Health Insurance Reform: Standards for Electronic Transactions. a. Affected Entities


The ASC X12N 278 may be used by a health care provider to electronically request and receive approval from a health plan prior to providing a health care service. Prior approvals have become standard operating procedure for most hospitals, physicians and other health care providers due to the rapid growth of managed care. Health care providers secure most of their prior approvals through telephone calls, paper forms or proprietary electronic formats that differ from health plan to health plan. Since many health care providers participate in multiple managed care health plans, they must devote redundant software, hardware, and human resources to obtaining prior authorization; this process is often untimely and inefficient.

The lack of a health care industry standard may have imposed a cost barrier to the widespread use of electronic data interchange. The ASC X12N 278 is not widely used by health plans and health care providers, which may be due, in part, to the lack of an industry-wide implementation specification for it. The adoption of the ASC X12N 278 and its implementation specification will lower the cost of using electronic prior authorizations. This will benefit health care providers that can move to a single standard format; the standard transaction will also make electronic data interchange feasible for the first time for smaller health plans and health care providers that perform these transactions almost exclusively using the telephone or paper.
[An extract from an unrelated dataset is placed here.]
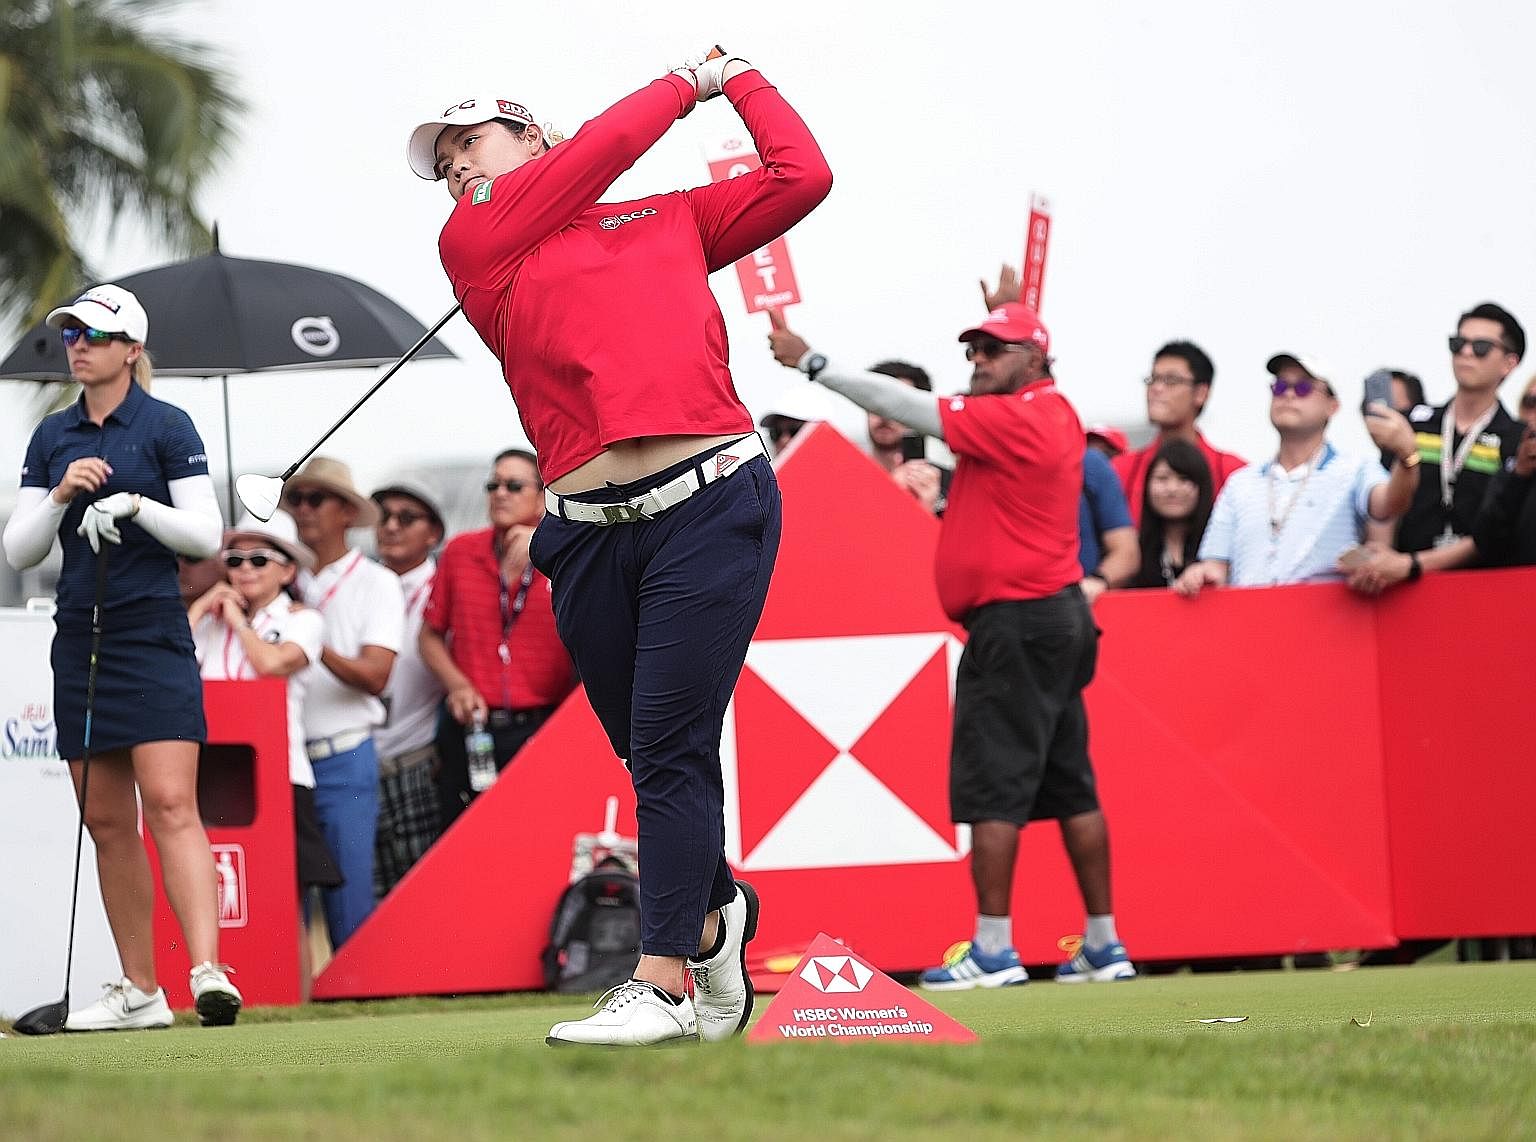 Thailand's Ariya Jutanugarn carded a six-under 66 yesterday to take a one-shot lead at the Sentosa Golf Club's New Tanjong Course. The world No. 1 had won nine of her 11 pro titles as the third-round leader.

At some point, an organization’s size and complexity will require it to consider switching its business transactions from paper to electronic form, due to the savings and efficiencies conversion would produce. The ASC X12N 278 will facilitate that by eliminating duplicative proprietary formats that are certain to arise when there are no widely accepted standards. By eliminating the software, hardware, and human resources associated with redundancy, a business may reach the point where it becomes cost beneficial to convert from paper to electronic transactions. Health plans and health care providers that already support more than one proprietary format will incur some additional expense in converting to the standard, but will enjoy longer term savings that result from eliminating the redundancies.